Kaplan-Meier survival analysis on the role of constant troponin profile in major adverse cardiovascular events (MACE) and in-hospital mortality in COVID-19 patients. Kaplan-Meier survival curve analysis for MACE, Log Rank (Matel-Cox) value = 0.000 (A) and in-hospital mortality, Log Rank (Matel-Cox) value = 0.000 (B).
Figure 3.
Alluvial plot illustrating the distribution of values of baseline cardiac troponin T (cTn T) in COVID-19 patients divided into three kinetics profiles according on the values during hospitalization of cardiac troponin (ascending cTn T, descending cTn T, and constant cTn T) and the association with major cardiovascular events. First column: patients were divided into two groups based on the best cut-off value of baseline cTn T of 0.014 μg/mL (green: cTn T< 0.014 μg/mL, purple: cTn T ≥ 0.014 μg/mL), which was shown as an independent predictor for major adverse cardiovascular events (MACE). Second column: patients were separated into three cTn T kinetics profiles: ascending troponin profile (orange), descending troponin profile (yellow), constant troponin profile (pink). Third column: Patients without MACE. Patients with MACE.
Discussion
The main findings of this study were the following: 1) baseline cTn T independently predicted MACE and in-hospital mortality in COVID-19 hospitalized patients; 2) a constant cTn T profile was independently associated with a lower risk of MACE and in-hospital mortality; and 3) a rapid increase of cTn T during hospitalization was associated with higher mortality rate but not with higher MACE rate in hospitalized COVID-19 patients.
The characteristics of our study population are similar to earlier reports [16]. Patients diagnosed with COVID-19 are older, implicitly more fragile, and have more cardiac risk factors, which predispose them to developing major cardiovascular events [17–19].
Previous studies primarily focused on the role of baseline cTn T in predicting non-cardiac major events such as intensive care unit admission, need for invasive ventilation or extracorporeal membrane oxygenation, and in-hospital mortality [6, 7, 10, 20]. Elevated cardiac biomarkers, especially cardiac troponin, were identified in about 10% to 20% of hospitalized COVID-19 patients, especially in those with a more severe form of the disease and non-survivors [21]. Both cardiovascular comorbidities and high values of cTn T were correlated to higher morbidity and mortality in COVID-19 patients [21]. However, the small number or even the complete absence of cTn T measurements at baseline and during hospitalization were among the most frequently encountered limitations of earlier reports. Thus, data on the cardiac involvement and potential mechanisms of myocardial injury in COVID-19 are still scarce.

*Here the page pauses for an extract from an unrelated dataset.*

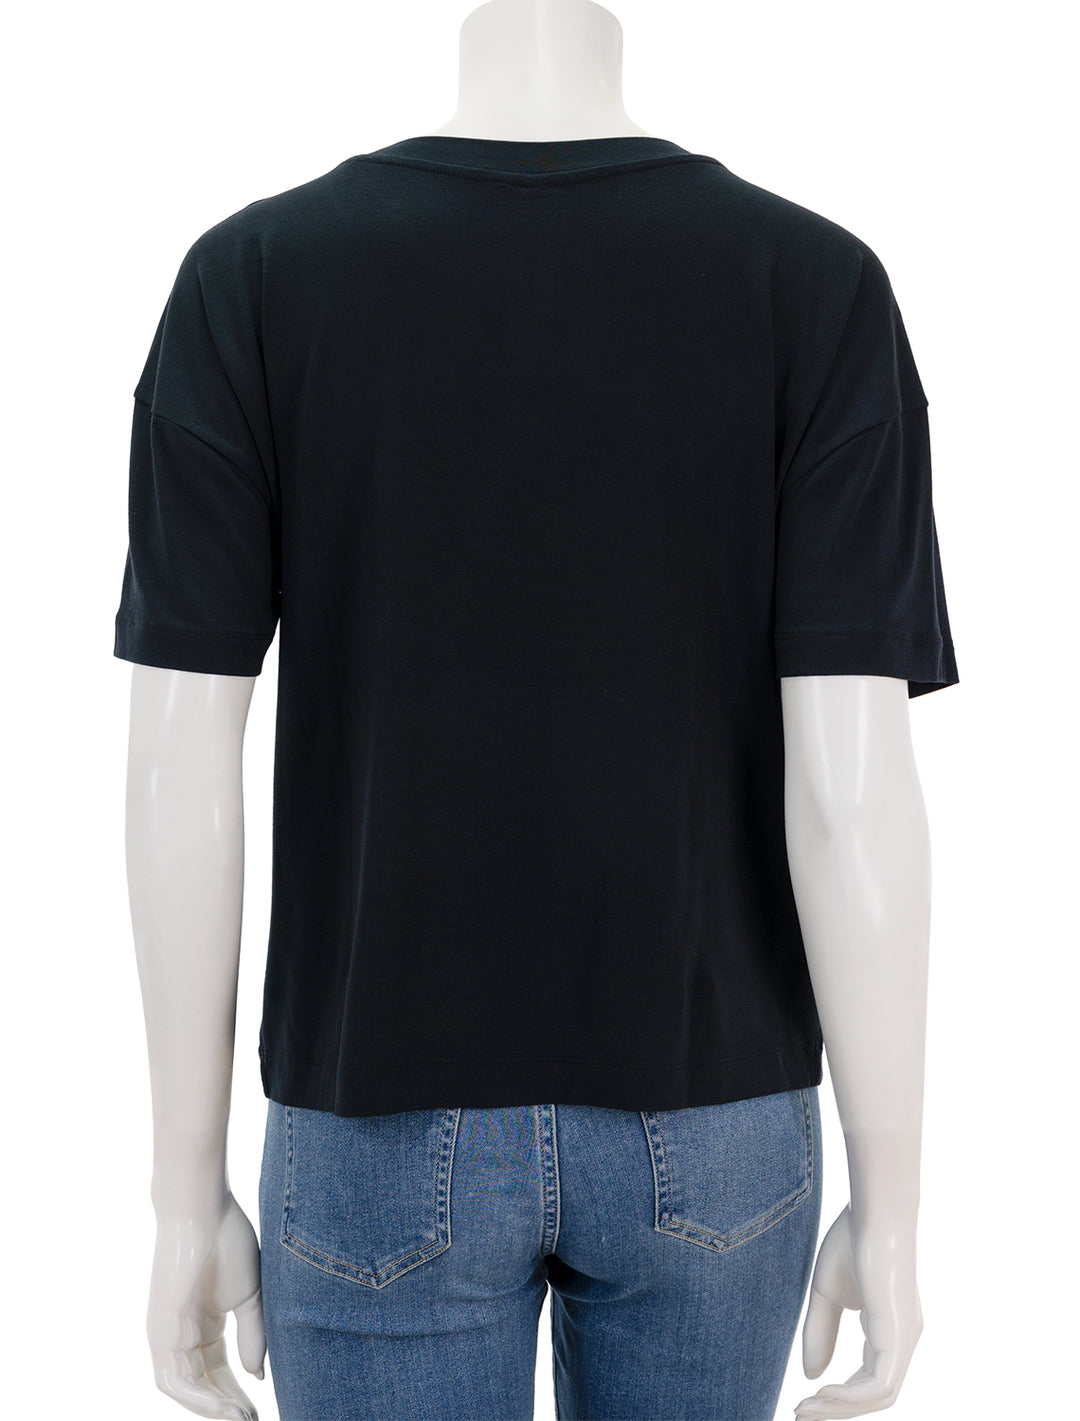 Back view of Eberjey's gisele everyday tshirt in black.

Possible mechanisms attributed to myocardial damage and previously observed in other viral infections such as influenza were: severe inflammation, oxygen mismatch supply-demand, thrombosis, and microvascular injury [6, 8, 22]. This is further supported by recent pathological reports on the presence of severe acute respiratory syndrome-coronavirus-2 in heart specimens, proving the cardiac tropism [23].
In the current study, elevated troponin levels at baseline were linked not only to higher mortality rates confirming the results of earlier reports [16], but they also independently predicted major cardiovascular events, with a high sensitivity and specificity. These findings emphasize the susceptibility to myocardial injury related to COVID-19 infection.

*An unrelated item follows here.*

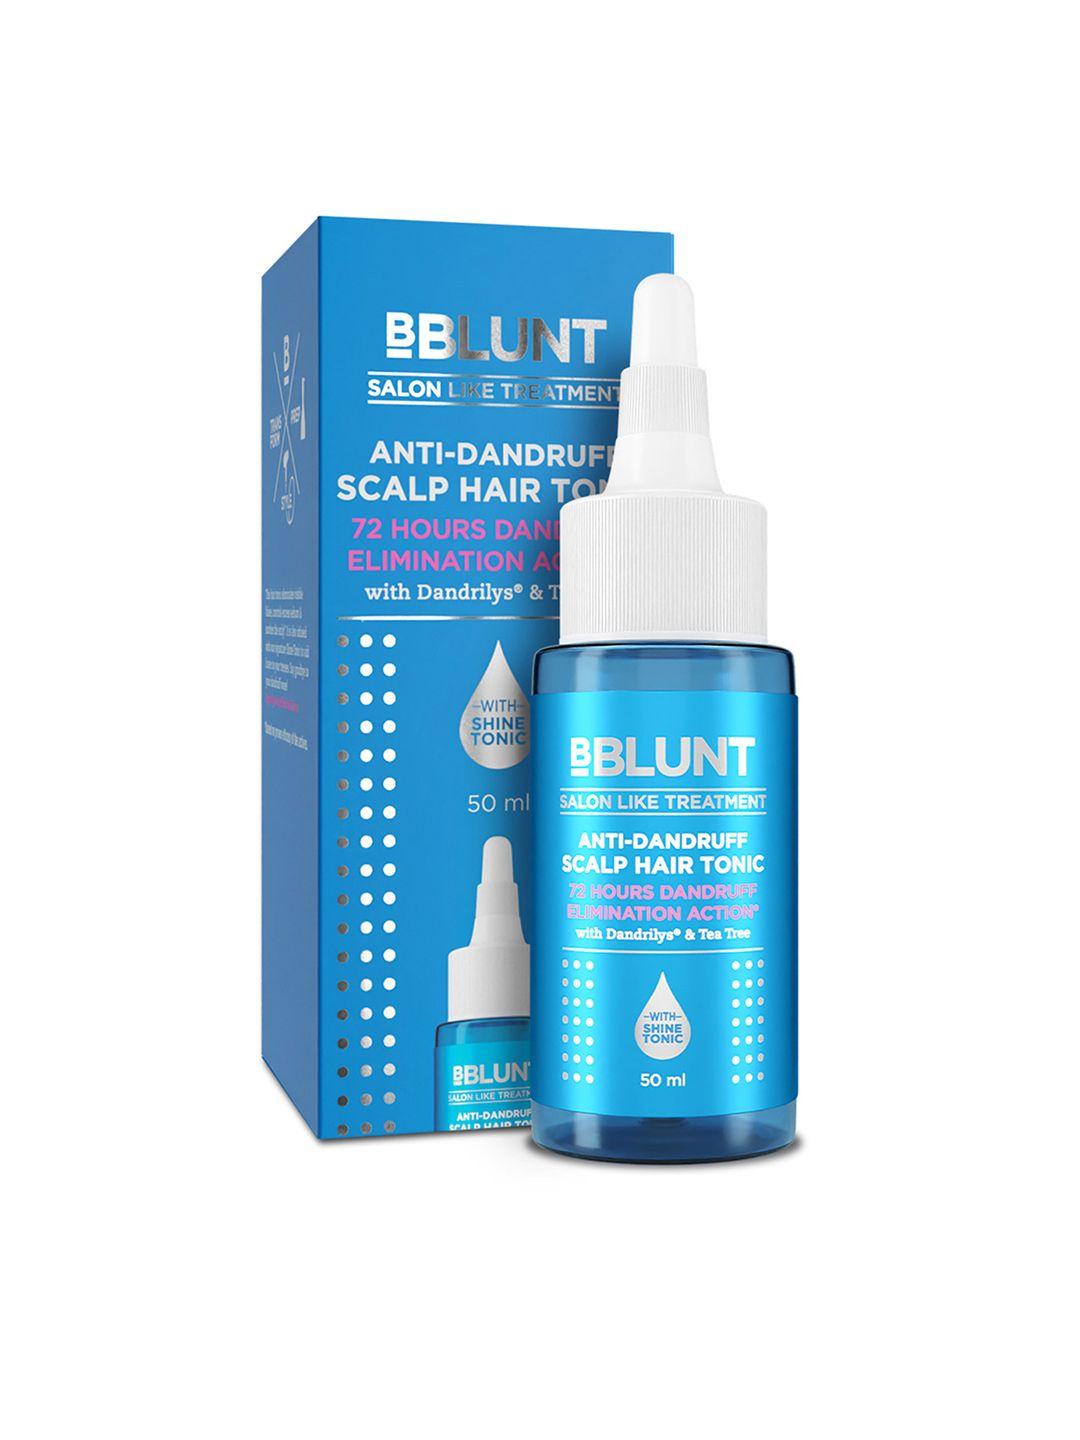 BBLUNT Salon Like Treatment Anti-Dandruff Scalp Hair Tonic with Dandrylis & Tea Tree-50 ml

Sandoval et al. [9] postulated that in addition to baseline cTn T, stable concentrations of cTn T over time convey a lower risk of cardiovascular complications, such as myocarditis, pericarditis, or acute coronary syndromes, whereas a more in-depth approach is advised in patients with an increase in cTn T values in time. The present study reinforces this statement, by showing that a rapid increase of cTn T over a short period of time was independently associated with in-hospital mortality. The increase in cTn T values may reflect the severity of myocardial injury and may be linked to the amplitude of inflammatory response [18, 21, 24].
In our cohort, higher values of C-reactive protein were associated with increased cTn T values during hospitalization. Moreover, baseline C-reactive protein was significantly associated with both major endpoints, suggesting that inflammation acts as a trigger for acute cardiac damage and increases morbidity and mortality in these patients [25].
These findings are further supported by previous studies on severe acute respiratory syndrome (SARS) and Middle East respiratory syndrome (MERS), which showed that an exaggerated immune response with release of inflammatory cytokines may cause myocardial damage with high levels of cardiac biomarkers [26].
Interestingly, patients with constant troponin values during hospitalization had lower rates of death or major cardiovascular events, even though they might have had elevated baseline cTn T.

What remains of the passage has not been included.